In the case of the paper, let's say we find any other $U_{k - N^3}$ vectors that are orthogonal to $U_k$. Then this would also happen. Is this an intended feature of this metric?

For the case in your previous comment, we would have $| V^* U S^{1/2} |_F^2 = |S^{1/2}|_F^2$, so the subspace we are testing (the one given by V) would be irrelevant to the metric.

The reason I started thinking about this is that I noticed that the d(V, U, S_U) defined above is not the same as the definition in the paper in Figure A.6. Is it that this metric only makes sense if you have a truncated basis?

ma-gilles commented 1 month ago

I think everything you said is correct and it only makes sense with a truncated basis. But I think that is the case for every metric on subspaces. E.g., any two n-dimensional subspaces of R^n are just all of R_n and thus would have a "largest principal angle" of 0. In this case, it would be interpreted as 100% of the variance is contained in R^n, which makes a good amount of sense.

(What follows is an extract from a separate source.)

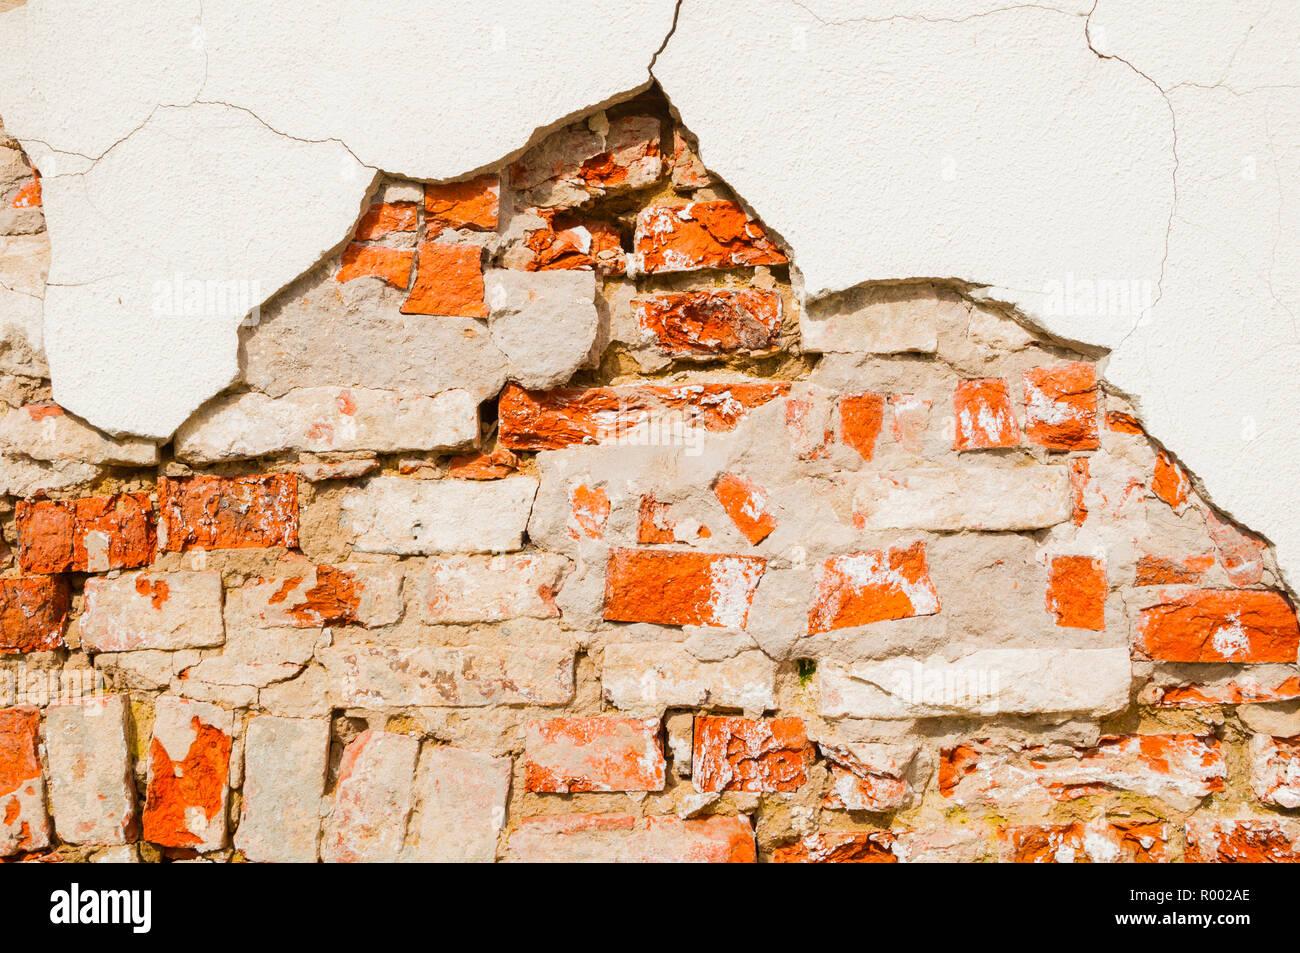 Stone texture di sfondo weathered rosso mattone muro di pietra, la texture della pietra mattoni rossi con fiocchi di stucco Foto Stock

Yes, there is an error in the preprint that's what I meant in the previous comment... This is what is in the newest version (online at some point, which I think is correct...):

The accuracy of the principal component is described using the percent of the captured variance, computed as

$$ | (U_k^* \Sigma U_k)^{1/2} |_F^2 \big / | \Sigma^{1/2}|_F^2 $$

, where $U_k$ is the matrix containing the first $k$ estimated principal components, $\Sigma$ is the true covariance matrix and $\Sigma^{1/2}$ is the matrix square-root, so that

$$ | A^{1/2} |_F^2 = \sum \sigma_i( A^{1/2})^2 = \sum \sigma_i(A) $$

where $\sigma_i(A)$ are the singular values of $A$.

If you force $U_k$ to be of dimension $k$ then this is maximized by the first $k$ singular vectors (the 'exact' curve in the paper). The motivation is that the only thing I care about for my work is: how much of the variance is captured in the estimated subspace, maybe it's not so relevant to what you're doing.

DSilva27 commented 1 month ago

Thank you! This is actually exactly what I need. Sorry about the confusion, I just wanted to make sure I understood the meaning of the metric. The explanation about how $R^n$ captures all the variance makes a lot of sense. Also, I really enjoyed reading through the new preprint

I think I have no more questions regarding this. I will not close the issue in case you want to keep it open for visibility.